Restaria aos pobres alunos apenas a aparição esporádica do lobo-guará, que nem era da comunidade; era apenas uma referência possível, talvez uma miragem, fruto da imaginação.

 E, para se eximir da responsabilidade, a Raposa - velha culpou um tal de “Sistema”, que ninguém sabia qual era sua cara, seu endereço, ou onde ele morava, mas passaram a odiá-lo repentinamente.

Dias depois a administração de maneira burocrática, comemorou a decisão bem sucedida, já que as manifestações, diante da passividade, seriam logo contornadas, como sempre, com oferecimento de alguma vantagem, um afago, um dia de brincadeira, e a vida continuaria dentro das tradições e dos costumes sem o perigo de conhecer outros mundos e trazer novidades que pudessem mudar a organização estabelecida – uma ameaça para quem possuía o comando das ações.

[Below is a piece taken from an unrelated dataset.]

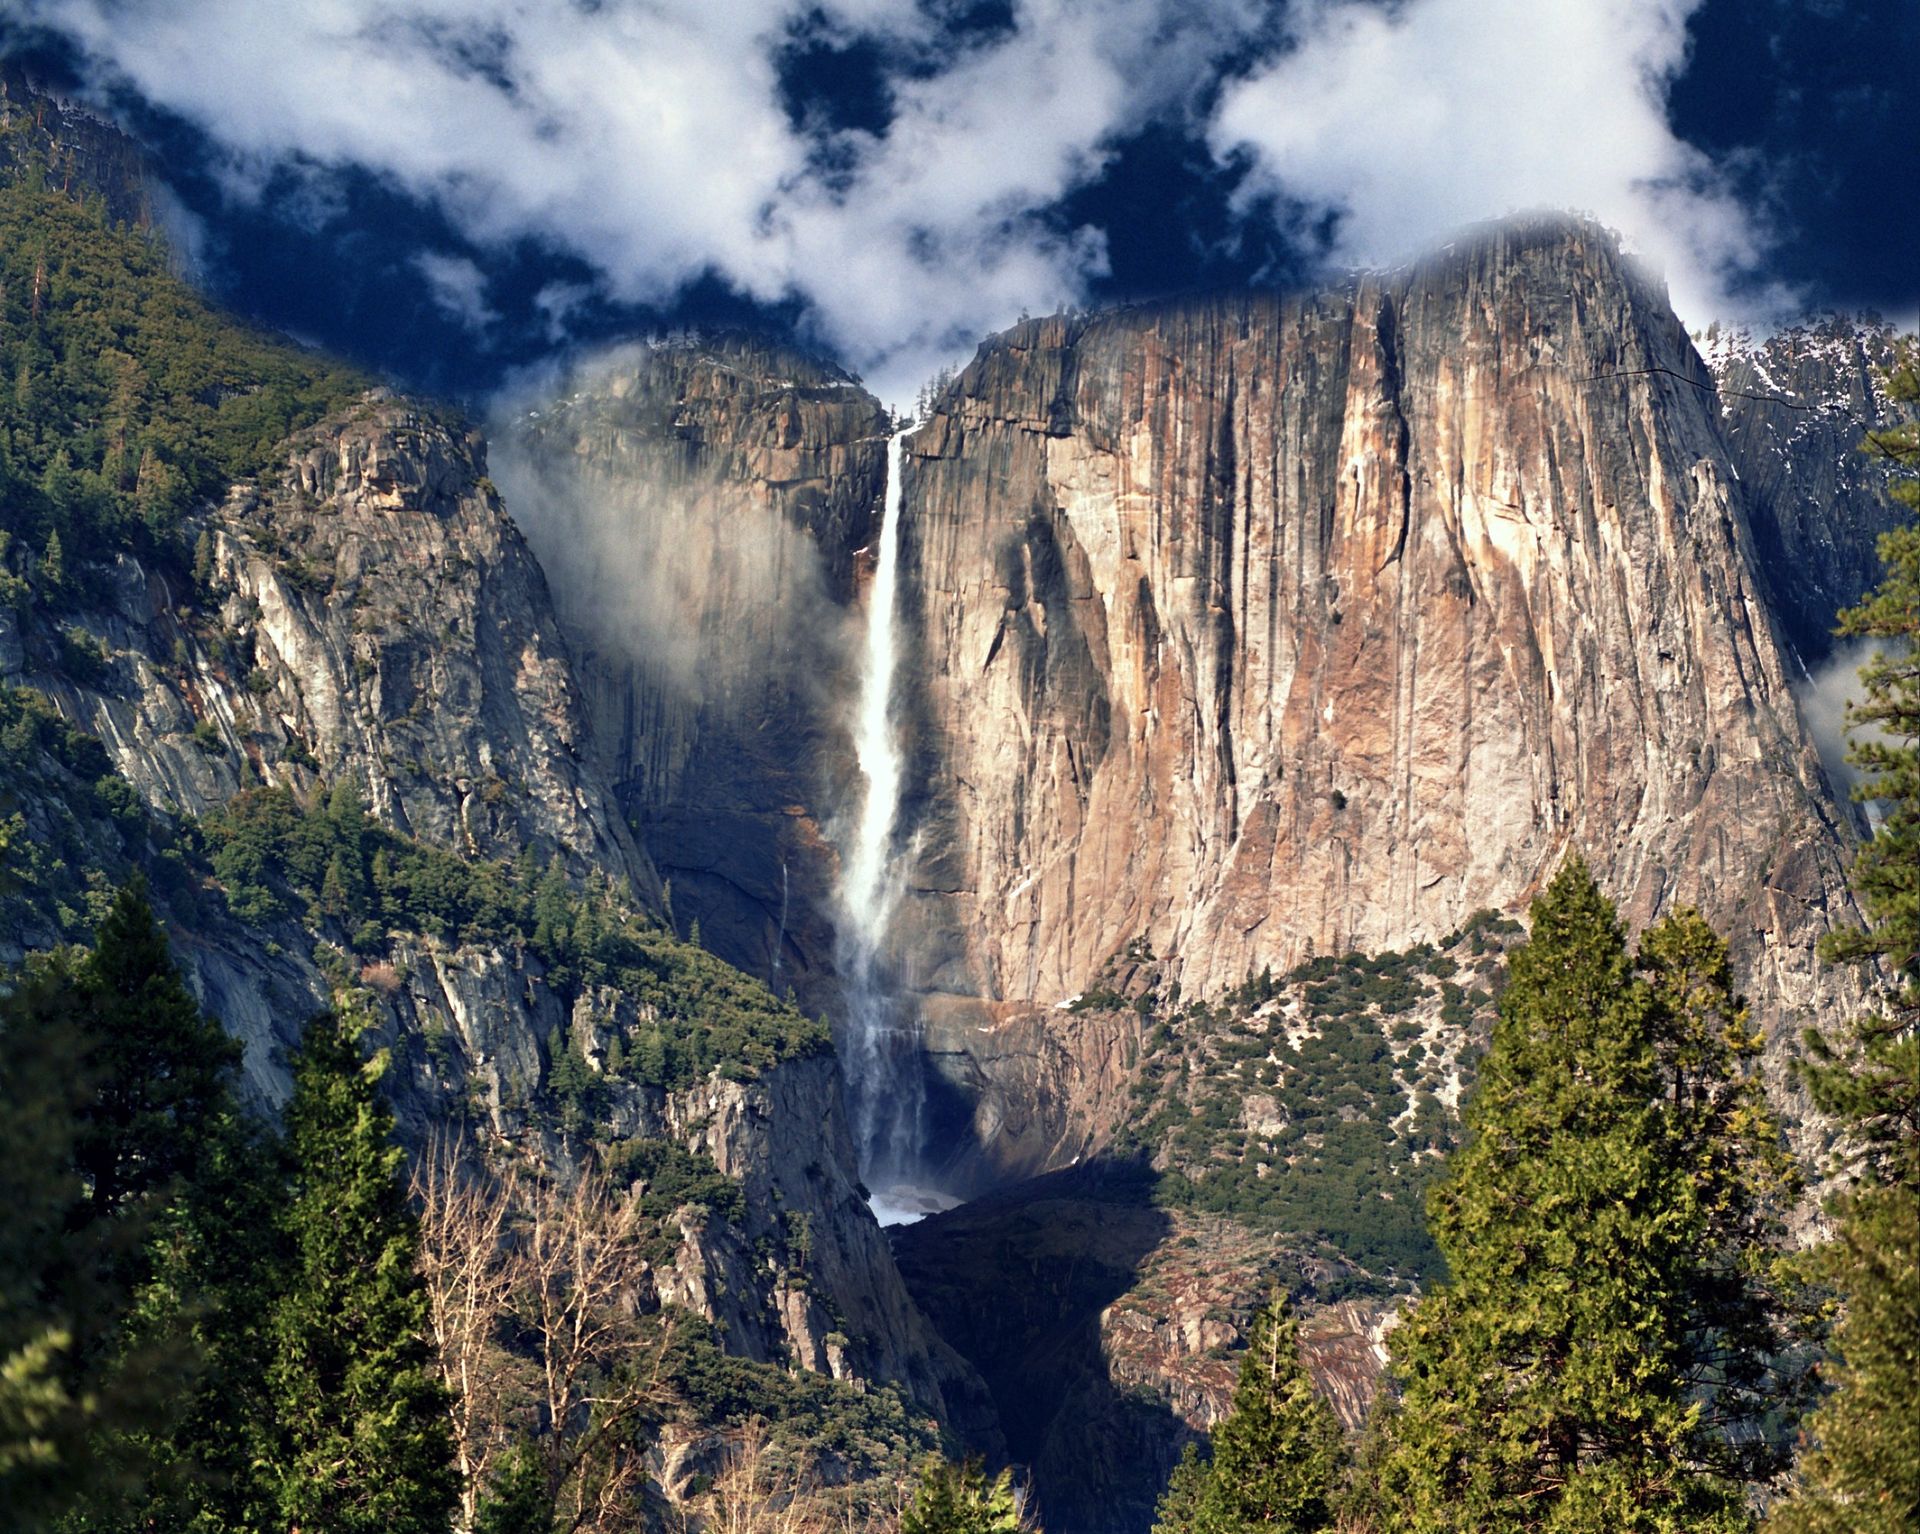 A waterfall over a cliff in Yosemite National Park.

Tempos mais tarde, por não terem conhecimento do mundo exterior e através dele, poderem desenvolver estratégia de defesa da própria vida da comunidade, com desenvolvimento de instrumentos que pudessem aprimorar o bem- estar coletivo, seres de outros universos passaram a rondar, ocupar e se apropriar do local, inclusive derrubando as matas, povoando o espaço e aprisionando os animais – uma devastação. A cobra Clarissa, voltou ao seu pequeno universo, o lago azul, que nem era azul mais em razão de resíduos agora despejados ali pelos novos habitantes.

A Raposa velha, dizem, que, temendo a morte, emprenhou na floresta e ali terminaria seus dias como uma raposa comum, outros dizem que fora devorada por predadores.

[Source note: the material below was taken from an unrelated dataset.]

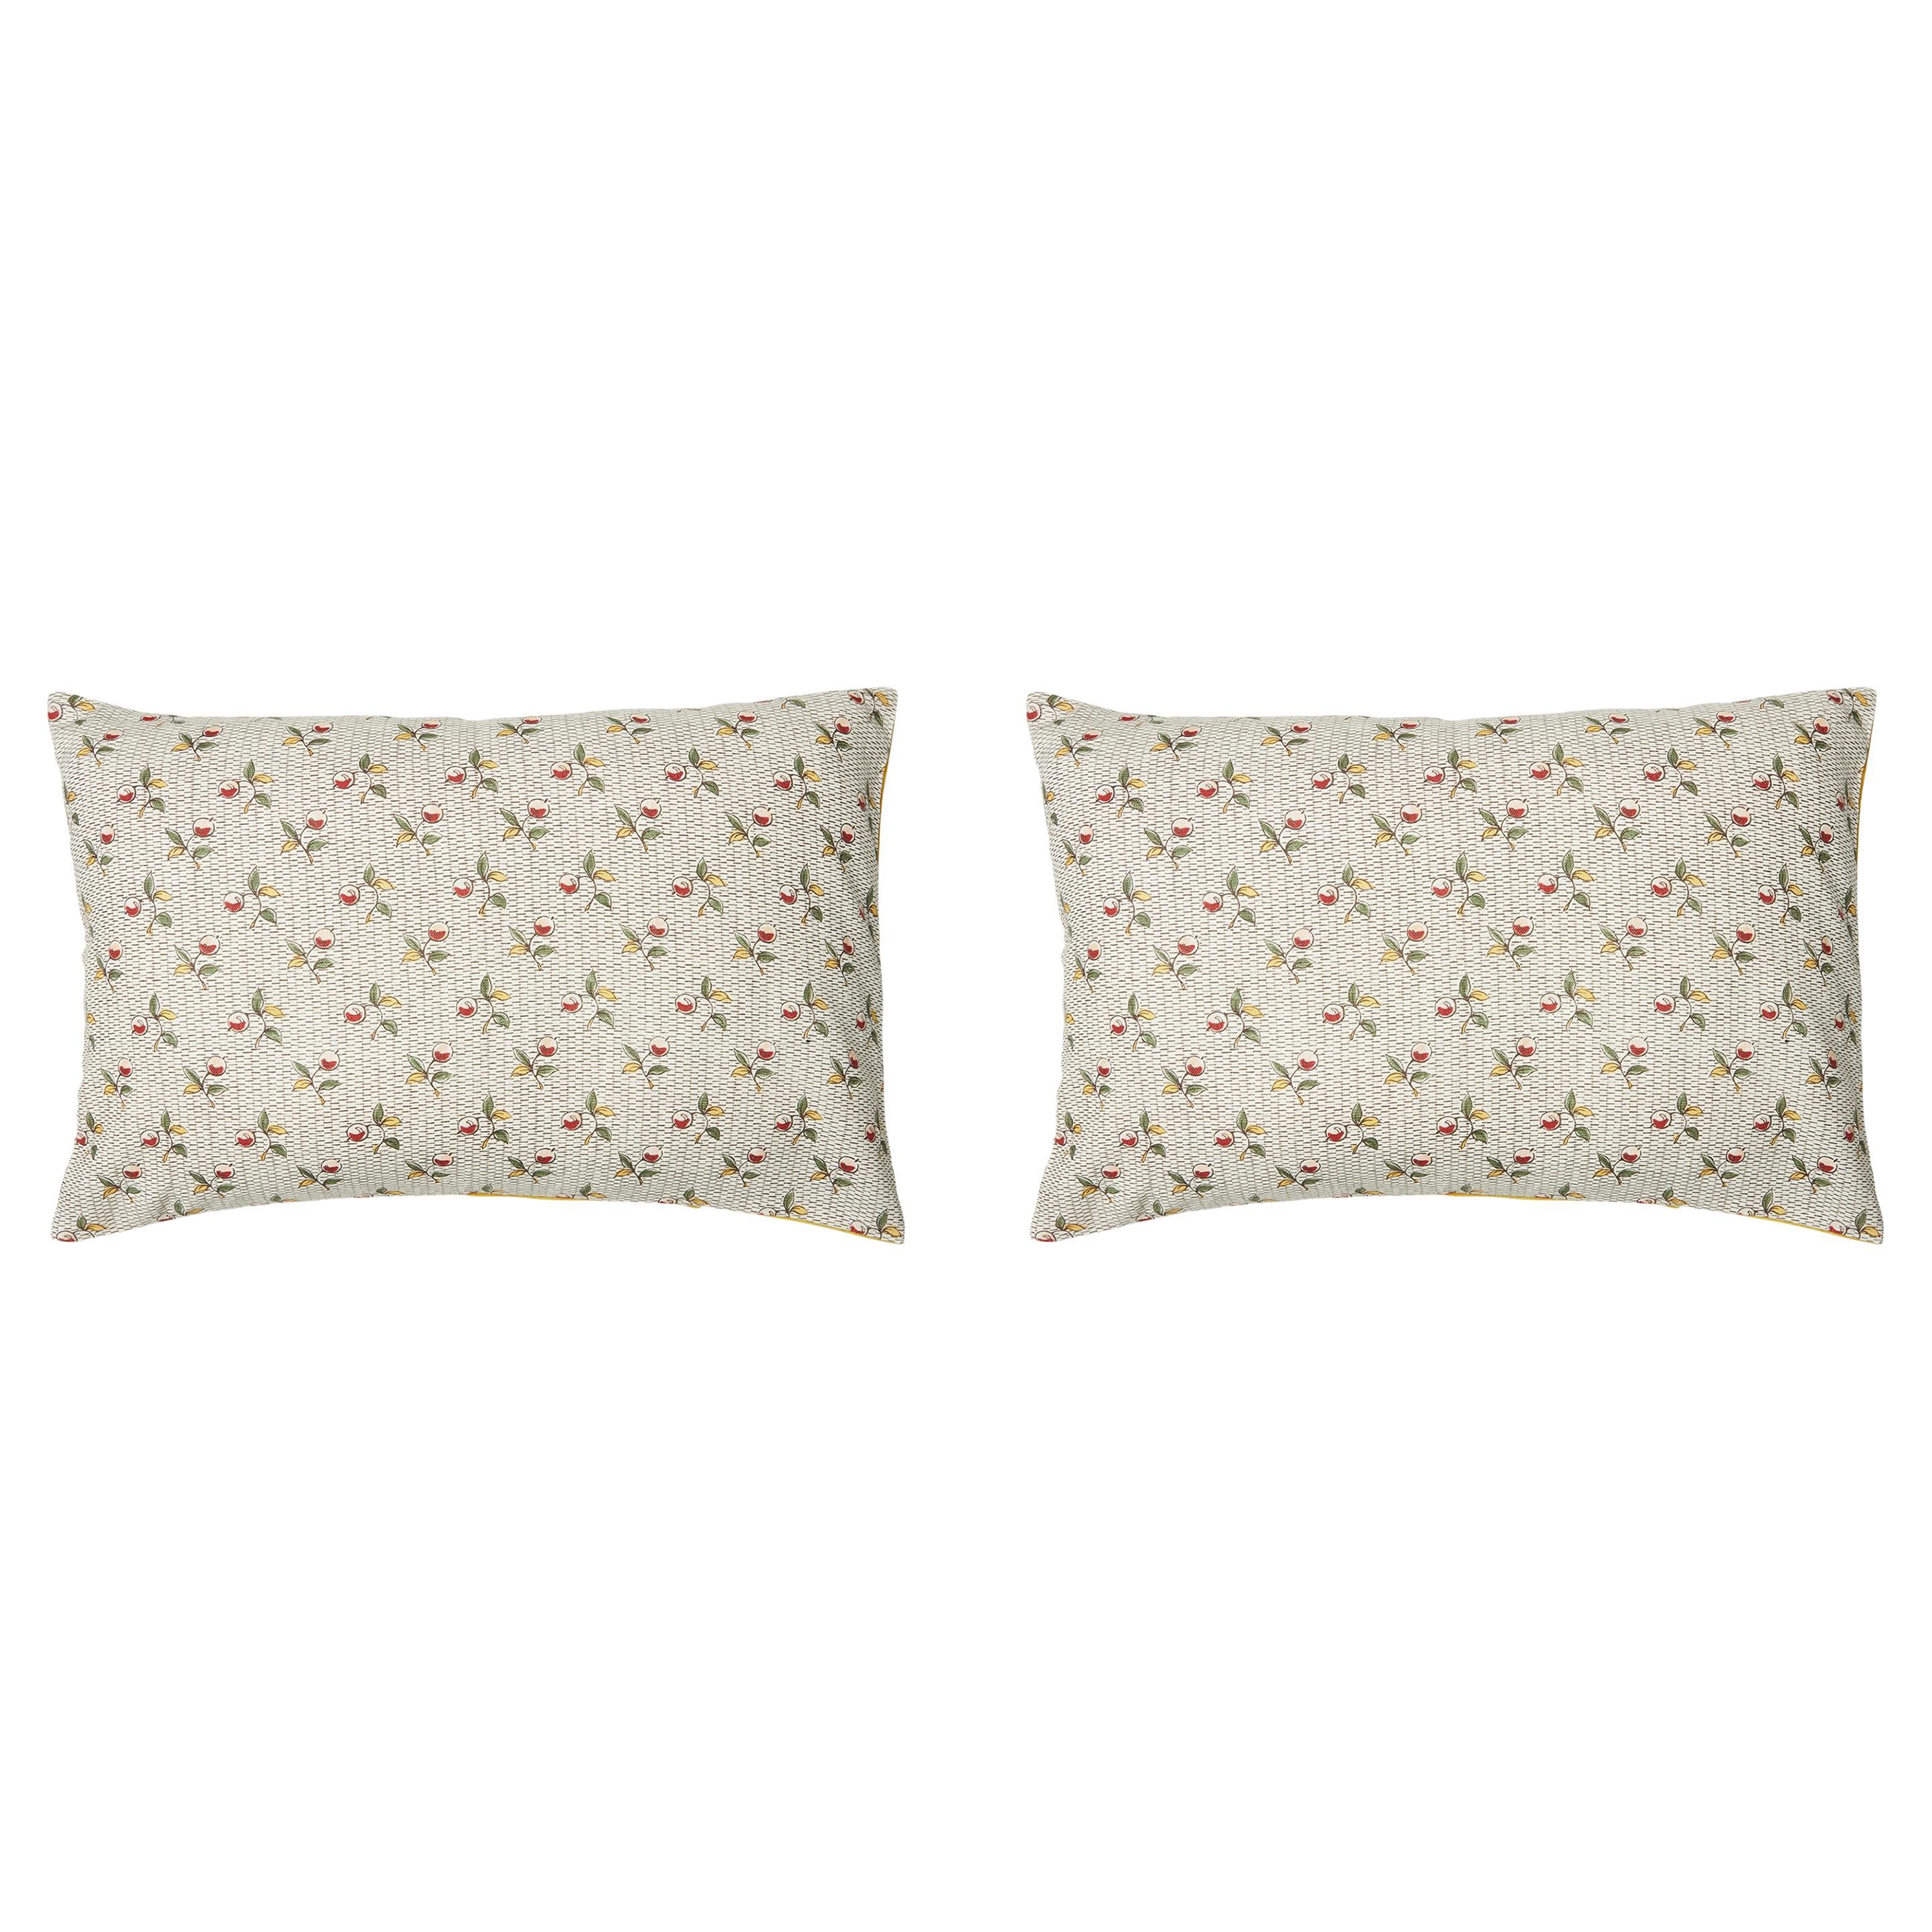 Pair of Linen Pillow Cushions - Baies Pattern - Designed and Made in Paris For Sale

 E aqueles que restaram, agora escravizados e vigiados, os mais novos, alunos, nos finais das tardes e início da noite, olham para mar e ouvem um canto, indefinível, indecifrável que domina o espaço por alguns minutos e enche de luz os corações e mentes, seguido de um bater de asas - dizem que é o canto do pássaro branco de olhos aguçados como os da águia e voos rasantes como os do falcão, para lembrar a todos que o pensamento é livre. Em sua homenagem, passaram a chamar esse momento marcante de literatura.

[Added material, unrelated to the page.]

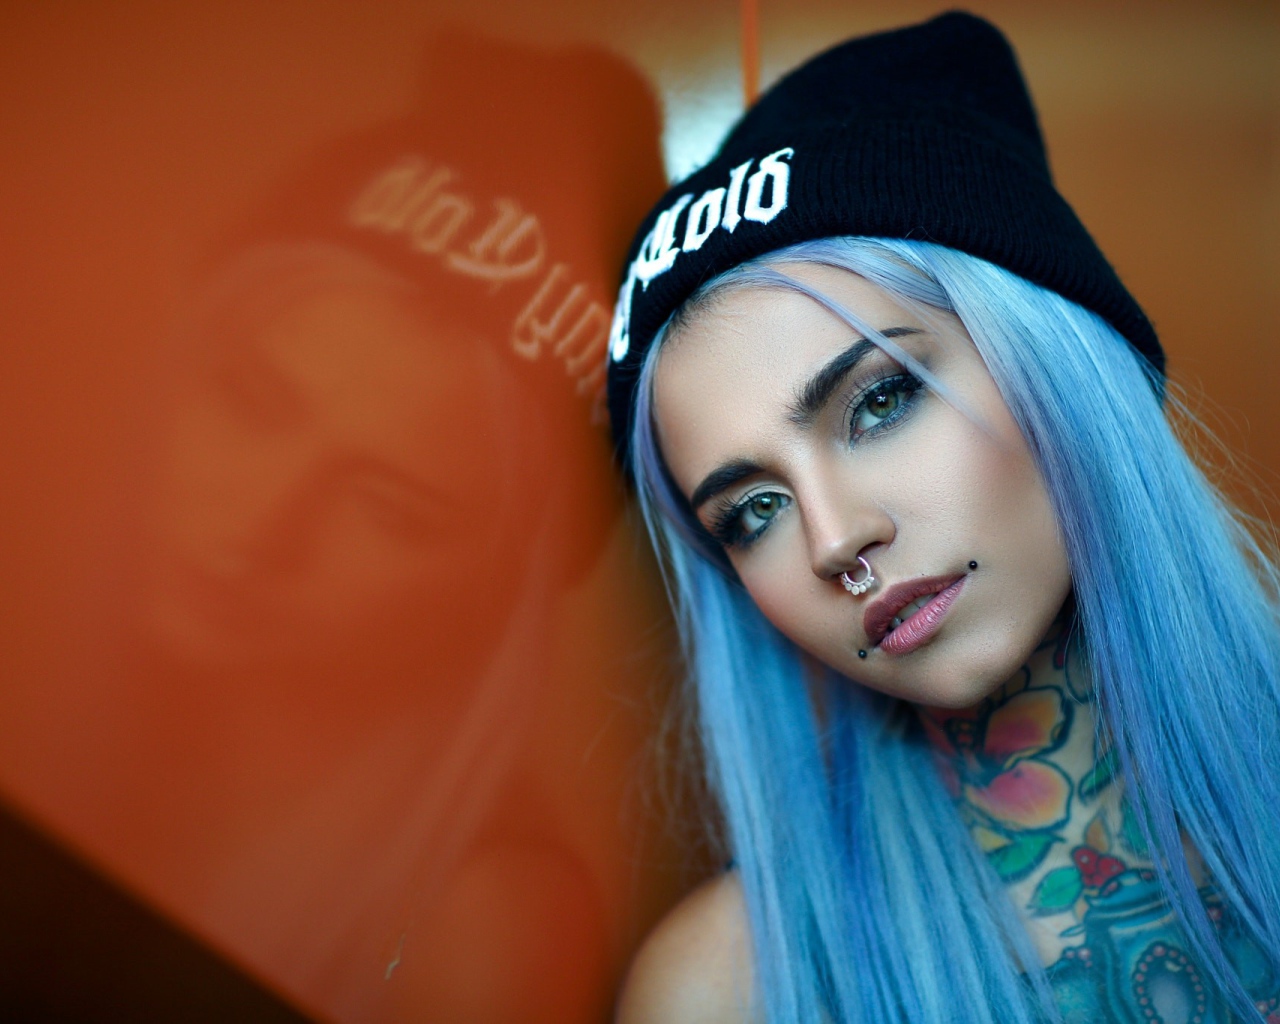 Girl with blue hair and piercing in the nose

Sequencialmente, no alto da mata densa, ou do que restou dela, nasce a lua cheia e de dentro dela ressurgem dois olhos grandes e solitários, seguidos de um uivo em forma de lamento – É o Lobo Guará. Olham todos assustados para o céu azul em busca de apoio, e nas nuvens brancas em letras garrafais, quem teve discernimento pode ler “O pensamento é livre, e é preciso voar para a eternidade, além dos voos rasteiros que aprisionam a alma em horizontes curtos."